In 1925, she married a mining engineer, the superbly named Ronald Rougier, and together they did stints in Africa and Macedonia. When Heyer fell pregnant with her first and only child, however, they returned to Britain, where Rougier ran a sports shop in a Sussex village. But the business was not a success. Heyer now found herself the main breadwinner, and her pace increased yet further, with the result that she succumbed to an "internal poisoning" (otherwise known as a nervous breakdown).
Yet still the books came, and when Ronald eventually qualified as a barrister, the pair moved to a smart apartment in the Albany, Piccadilly, a home that appealed to the snooty Heyer for obvious reasons. After this, there is little to report. She wrote lots more books. She liked to watch her husband, with whom she did not share a bed, playing golf. She was once invited to lunch with the Queen who is, along with Cilla Black and AS Byatt, a Heyer fan though she did not much enjoy it. (My dear, the Duke of Edinburgh's manners!) She died of lung cancer in 1974, the author of 55 novels.
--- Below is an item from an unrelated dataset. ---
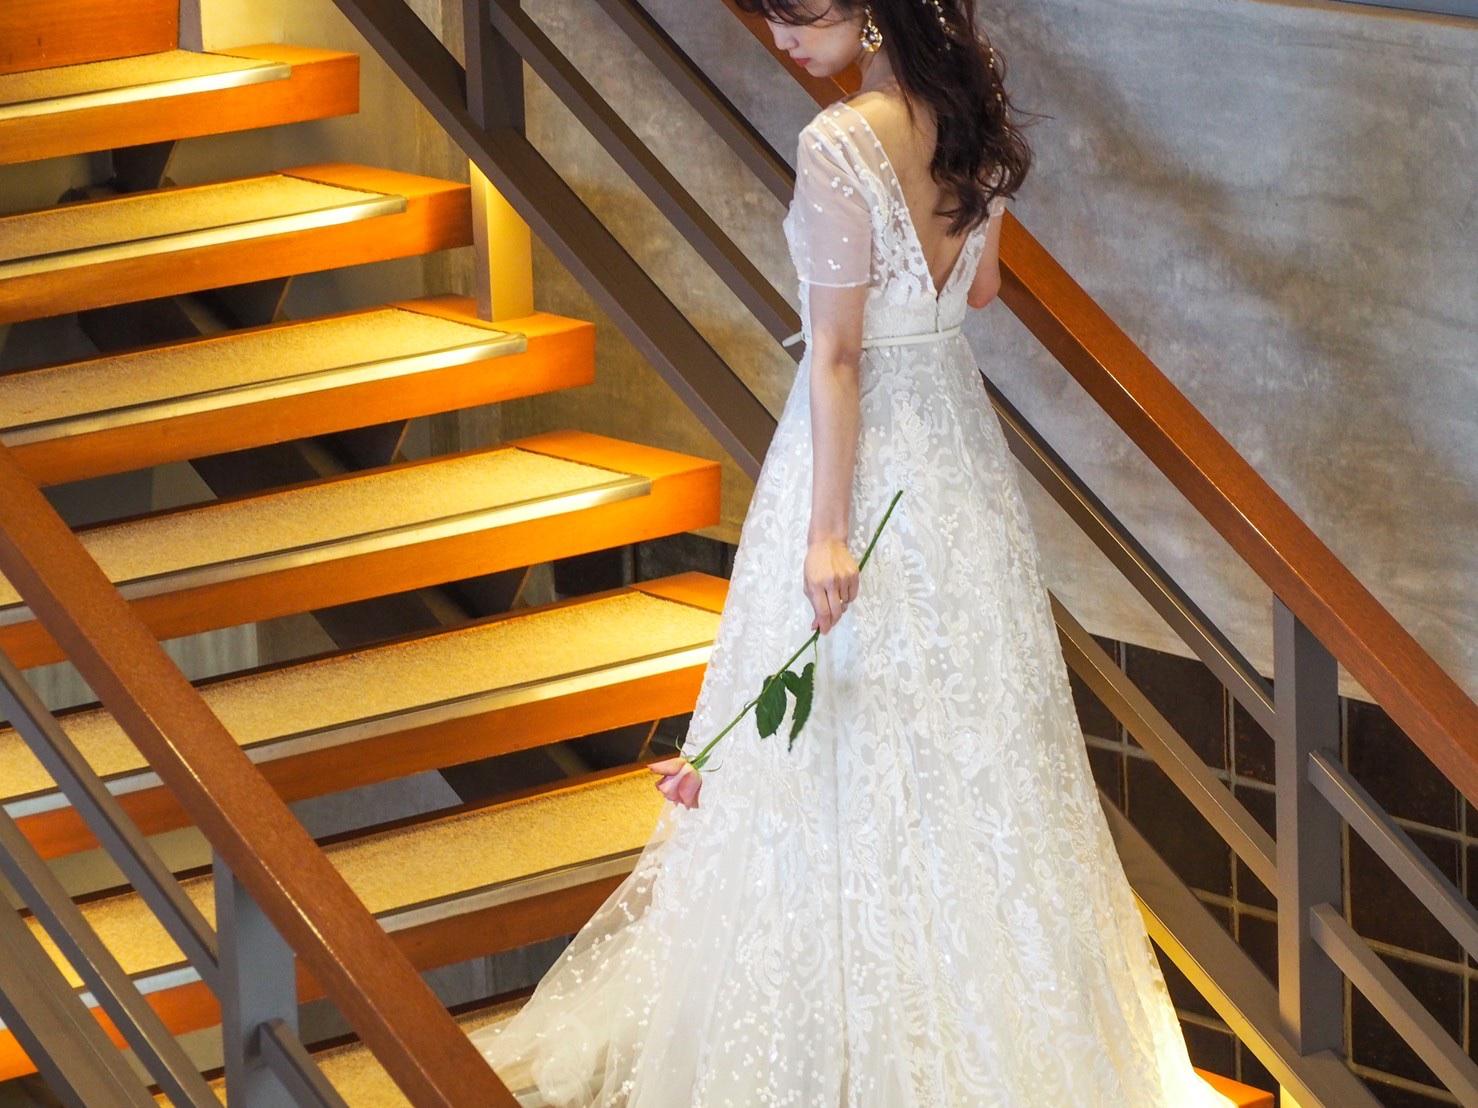 ザトリートドレッシング神戸店にてお取り扱いのある相楽園におすすめの刺繍が美しいエリーサーブブライドのウェディングドレスのご紹介

What, I wonder, is the point of this book? Who is it for? According to its jacket, Jennifer Kloester is "the foremost expert on Heyer" (as if the world's universities were crammed with her competitors, all of them writing PhDs on The Grand Sophy and Regency Buck). What this means in practice is that she tells you everything I mean everything about a woman whose life was simply not very interesting. This is a biography in which the pregnancy of a daughter-in-law is giant news. Yes, Kloester has had, courtesy of Heyer's late son, Sir Richard Rougier (the high court judge who once claimed never to have heard of bouncy castles), unbridled access to Heyer's papers, but since these include no exciting love letters, and nothing in the way of literary gossip, one wishes she had not felt obliged to quote from them so extensively. (One letter, in which Heyer complains to her agent about her publisher, Heinemann, is reprinted over three pages.)
As for the mystery of Heyer's writing how it works; why so many intelligent people love it Kloester simply does not go there, and her book is thus squeezed dry of all the joy it might have had. If you want fun if you want elopements and quadrilles, velvet britches and sprig muslin gowns you will have to go back to the novels, still in print, and still the greatest and most surprising of pleasures.